Reproduce, character for character, the entries from their opening line through the line with "Meditación Raja Yoga: Cómo".

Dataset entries
☆ ☆ ☆
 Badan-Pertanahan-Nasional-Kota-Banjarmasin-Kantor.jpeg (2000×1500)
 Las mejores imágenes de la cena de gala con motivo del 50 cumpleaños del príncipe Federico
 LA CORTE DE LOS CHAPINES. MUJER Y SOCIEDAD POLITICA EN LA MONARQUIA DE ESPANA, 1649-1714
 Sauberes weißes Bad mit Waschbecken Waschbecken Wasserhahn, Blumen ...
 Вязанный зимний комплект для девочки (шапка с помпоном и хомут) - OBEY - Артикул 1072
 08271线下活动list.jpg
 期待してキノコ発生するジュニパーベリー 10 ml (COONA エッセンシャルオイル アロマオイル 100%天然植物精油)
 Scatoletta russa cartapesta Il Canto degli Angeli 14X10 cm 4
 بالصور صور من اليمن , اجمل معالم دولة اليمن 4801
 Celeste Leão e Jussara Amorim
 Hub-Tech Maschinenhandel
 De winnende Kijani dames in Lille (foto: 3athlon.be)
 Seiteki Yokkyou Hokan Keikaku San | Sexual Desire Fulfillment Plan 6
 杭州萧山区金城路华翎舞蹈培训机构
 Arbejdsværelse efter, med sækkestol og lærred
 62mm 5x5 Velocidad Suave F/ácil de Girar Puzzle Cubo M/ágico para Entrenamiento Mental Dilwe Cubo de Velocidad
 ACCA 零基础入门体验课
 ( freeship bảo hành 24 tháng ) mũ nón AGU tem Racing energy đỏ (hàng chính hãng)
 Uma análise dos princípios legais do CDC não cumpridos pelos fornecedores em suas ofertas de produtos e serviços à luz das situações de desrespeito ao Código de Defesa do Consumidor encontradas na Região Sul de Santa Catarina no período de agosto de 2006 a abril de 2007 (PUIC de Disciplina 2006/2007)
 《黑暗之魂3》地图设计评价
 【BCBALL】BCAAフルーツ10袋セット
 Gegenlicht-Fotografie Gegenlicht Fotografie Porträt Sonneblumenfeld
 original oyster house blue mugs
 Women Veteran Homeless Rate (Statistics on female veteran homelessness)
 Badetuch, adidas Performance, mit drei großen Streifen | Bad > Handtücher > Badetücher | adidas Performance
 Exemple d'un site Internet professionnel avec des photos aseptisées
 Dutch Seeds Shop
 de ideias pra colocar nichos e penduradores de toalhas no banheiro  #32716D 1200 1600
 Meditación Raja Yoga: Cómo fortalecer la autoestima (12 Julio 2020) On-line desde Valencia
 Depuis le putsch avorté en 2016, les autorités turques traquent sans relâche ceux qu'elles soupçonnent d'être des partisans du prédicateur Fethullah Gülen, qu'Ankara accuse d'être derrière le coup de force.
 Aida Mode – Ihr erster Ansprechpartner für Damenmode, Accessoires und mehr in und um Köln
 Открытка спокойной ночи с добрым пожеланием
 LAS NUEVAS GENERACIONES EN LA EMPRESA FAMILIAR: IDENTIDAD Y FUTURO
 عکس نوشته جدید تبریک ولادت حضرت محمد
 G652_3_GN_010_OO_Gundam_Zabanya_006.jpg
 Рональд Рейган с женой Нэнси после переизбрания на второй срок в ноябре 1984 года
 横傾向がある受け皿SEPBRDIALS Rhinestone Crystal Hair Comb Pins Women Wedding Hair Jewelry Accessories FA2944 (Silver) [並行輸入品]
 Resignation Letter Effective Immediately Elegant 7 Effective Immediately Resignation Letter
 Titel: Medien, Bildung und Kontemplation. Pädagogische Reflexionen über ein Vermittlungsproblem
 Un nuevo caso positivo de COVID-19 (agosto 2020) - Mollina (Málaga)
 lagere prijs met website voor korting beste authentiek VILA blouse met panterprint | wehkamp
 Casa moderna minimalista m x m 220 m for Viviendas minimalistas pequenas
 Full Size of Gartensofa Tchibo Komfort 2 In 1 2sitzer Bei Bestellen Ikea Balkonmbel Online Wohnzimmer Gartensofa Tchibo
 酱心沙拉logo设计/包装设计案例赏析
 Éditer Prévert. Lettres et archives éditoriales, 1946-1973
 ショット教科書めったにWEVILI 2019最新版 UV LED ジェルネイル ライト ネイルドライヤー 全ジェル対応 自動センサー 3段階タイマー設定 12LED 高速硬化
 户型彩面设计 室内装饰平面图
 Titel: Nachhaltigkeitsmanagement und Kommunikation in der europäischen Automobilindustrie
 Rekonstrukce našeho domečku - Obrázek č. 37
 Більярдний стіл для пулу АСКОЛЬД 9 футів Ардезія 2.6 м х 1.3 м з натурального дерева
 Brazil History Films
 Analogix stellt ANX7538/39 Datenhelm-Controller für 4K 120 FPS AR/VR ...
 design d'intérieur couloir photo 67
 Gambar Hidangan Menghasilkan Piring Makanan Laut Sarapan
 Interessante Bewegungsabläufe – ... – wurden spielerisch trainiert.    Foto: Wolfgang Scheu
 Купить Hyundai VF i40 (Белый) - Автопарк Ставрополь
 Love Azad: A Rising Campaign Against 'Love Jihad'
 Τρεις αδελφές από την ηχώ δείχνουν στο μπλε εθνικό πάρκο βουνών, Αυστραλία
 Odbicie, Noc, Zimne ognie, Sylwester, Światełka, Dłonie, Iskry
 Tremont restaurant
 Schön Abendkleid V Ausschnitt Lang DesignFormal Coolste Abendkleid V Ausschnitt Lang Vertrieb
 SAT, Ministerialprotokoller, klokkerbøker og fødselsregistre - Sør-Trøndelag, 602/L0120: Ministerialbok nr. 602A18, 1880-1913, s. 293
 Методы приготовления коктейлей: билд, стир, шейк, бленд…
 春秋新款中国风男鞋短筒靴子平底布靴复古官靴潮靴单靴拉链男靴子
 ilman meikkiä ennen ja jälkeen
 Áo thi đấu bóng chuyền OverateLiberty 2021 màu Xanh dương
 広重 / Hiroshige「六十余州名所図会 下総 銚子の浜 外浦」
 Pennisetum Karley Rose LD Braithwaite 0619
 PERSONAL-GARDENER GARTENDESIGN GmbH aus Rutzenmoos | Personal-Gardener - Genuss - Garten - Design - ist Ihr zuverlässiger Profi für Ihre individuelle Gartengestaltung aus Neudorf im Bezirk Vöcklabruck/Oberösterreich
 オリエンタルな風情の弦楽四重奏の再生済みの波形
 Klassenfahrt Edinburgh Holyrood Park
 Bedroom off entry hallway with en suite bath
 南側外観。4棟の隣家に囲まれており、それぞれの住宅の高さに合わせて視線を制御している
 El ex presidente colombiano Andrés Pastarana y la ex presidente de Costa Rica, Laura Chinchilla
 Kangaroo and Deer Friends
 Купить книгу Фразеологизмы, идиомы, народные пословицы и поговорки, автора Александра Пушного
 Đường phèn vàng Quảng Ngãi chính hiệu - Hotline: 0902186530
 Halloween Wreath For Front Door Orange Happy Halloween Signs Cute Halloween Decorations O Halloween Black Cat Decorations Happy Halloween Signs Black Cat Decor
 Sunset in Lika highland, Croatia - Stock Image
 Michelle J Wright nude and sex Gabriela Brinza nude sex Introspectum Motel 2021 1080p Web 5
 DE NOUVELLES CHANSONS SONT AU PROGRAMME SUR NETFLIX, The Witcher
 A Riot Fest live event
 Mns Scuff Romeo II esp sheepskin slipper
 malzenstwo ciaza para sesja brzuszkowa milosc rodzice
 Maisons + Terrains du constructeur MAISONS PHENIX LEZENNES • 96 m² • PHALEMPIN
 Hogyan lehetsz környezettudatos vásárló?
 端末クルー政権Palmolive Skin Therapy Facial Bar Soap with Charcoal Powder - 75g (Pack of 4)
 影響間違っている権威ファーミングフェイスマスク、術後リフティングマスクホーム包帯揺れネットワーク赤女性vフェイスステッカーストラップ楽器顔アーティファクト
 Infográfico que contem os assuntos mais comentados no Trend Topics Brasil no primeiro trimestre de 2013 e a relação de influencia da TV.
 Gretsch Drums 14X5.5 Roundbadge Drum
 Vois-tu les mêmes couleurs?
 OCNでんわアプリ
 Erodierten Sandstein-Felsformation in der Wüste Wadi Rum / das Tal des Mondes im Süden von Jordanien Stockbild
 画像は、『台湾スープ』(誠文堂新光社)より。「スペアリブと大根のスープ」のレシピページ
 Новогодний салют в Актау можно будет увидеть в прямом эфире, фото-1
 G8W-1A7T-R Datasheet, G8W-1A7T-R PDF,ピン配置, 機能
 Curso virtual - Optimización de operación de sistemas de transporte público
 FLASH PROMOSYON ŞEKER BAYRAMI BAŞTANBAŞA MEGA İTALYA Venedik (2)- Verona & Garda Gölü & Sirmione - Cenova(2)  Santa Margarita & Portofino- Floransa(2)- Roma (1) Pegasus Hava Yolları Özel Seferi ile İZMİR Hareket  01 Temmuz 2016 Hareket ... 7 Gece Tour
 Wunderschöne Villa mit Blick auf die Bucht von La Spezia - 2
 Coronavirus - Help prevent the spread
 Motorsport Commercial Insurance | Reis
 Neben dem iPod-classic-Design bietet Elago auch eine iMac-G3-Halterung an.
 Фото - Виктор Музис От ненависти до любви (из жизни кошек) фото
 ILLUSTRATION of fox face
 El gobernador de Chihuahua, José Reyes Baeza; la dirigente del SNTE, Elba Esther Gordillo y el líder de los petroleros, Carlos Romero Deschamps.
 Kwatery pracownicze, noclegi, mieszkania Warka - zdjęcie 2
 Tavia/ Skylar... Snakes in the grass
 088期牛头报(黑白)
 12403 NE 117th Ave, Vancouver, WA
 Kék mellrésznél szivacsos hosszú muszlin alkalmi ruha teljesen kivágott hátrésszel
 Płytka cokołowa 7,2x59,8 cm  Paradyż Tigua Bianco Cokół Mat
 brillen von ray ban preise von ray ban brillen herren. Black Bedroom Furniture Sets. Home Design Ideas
☆ ☆ ☆
_Solution for this task_.
 Badan-Pertanahan-Nasional-Kota-Banjarmasin-Kantor.jpeg (2000×1500)
 Las mejores imágenes de la cena de gala con motivo del 50 cumpleaños del príncipe Federico
 LA CORTE DE LOS CHAPINES. MUJER Y SOCIEDAD POLITICA EN LA MONARQUIA DE ESPANA, 1649-1714
 Sauberes weißes Bad mit Waschbecken Waschbecken Wasserhahn, Blumen ...
 Вязанный зимний комплект для девочки (шапка с помпоном и хомут) - OBEY - Артикул 1072
 08271线下活动list.jpg
 期待してキノコ発生するジュニパーベリー 10 ml (COONA エッセンシャルオイル アロマオイル 100%天然植物精油)
 Scatoletta russa cartapesta Il Canto degli Angeli 14X10 cm 4
 بالصور صور من اليمن , اجمل معالم دولة اليمن 4801
 Celeste Leão e Jussara Amorim
 Hub-Tech Maschinenhandel
 De winnende Kijani dames in Lille (foto: 3athlon.be)
 Seiteki Yokkyou Hokan Keikaku San | Sexual Desire Fulfillment Plan 6
 杭州萧山区金城路华翎舞蹈培训机构
 Arbejdsværelse efter, med sækkestol og lærred
 62mm 5x5 Velocidad Suave F/ácil de Girar Puzzle Cubo M/ágico para Entrenamiento Mental Dilwe Cubo de Velocidad
 ACCA 零基础入门体验课
 ( freeship bảo hành 24 tháng ) mũ nón AGU tem Racing energy đỏ (hàng chính hãng)
 Uma análise dos princípios legais do CDC não cumpridos pelos fornecedores em suas ofertas de produtos e serviços à luz das situações de desrespeito ao Código de Defesa do Consumidor encontradas na Região Sul de Santa Catarina no período de agosto de 2006 a abril de 2007 (PUIC de Disciplina 2006/2007)
 《黑暗之魂3》地图设计评价
 【BCBALL】BCAAフルーツ10袋セット
 Gegenlicht-Fotografie Gegenlicht Fotografie Porträt Sonneblumenfeld
 original oyster house blue mugs
 Women Veteran Homeless Rate (Statistics on female veteran homelessness)
 Badetuch, adidas Performance, mit drei großen Streifen | Bad > Handtücher > Badetücher | adidas Performance
 Exemple d'un site Internet professionnel avec des photos aseptisées
 Dutch Seeds Shop
 de ideias pra colocar nichos e penduradores de toalhas no banheiro  #32716D 1200 1600
 Meditación Raja Yoga: Cómo fortalecer la autoestima (12 Julio 2020) On-line desde Valencia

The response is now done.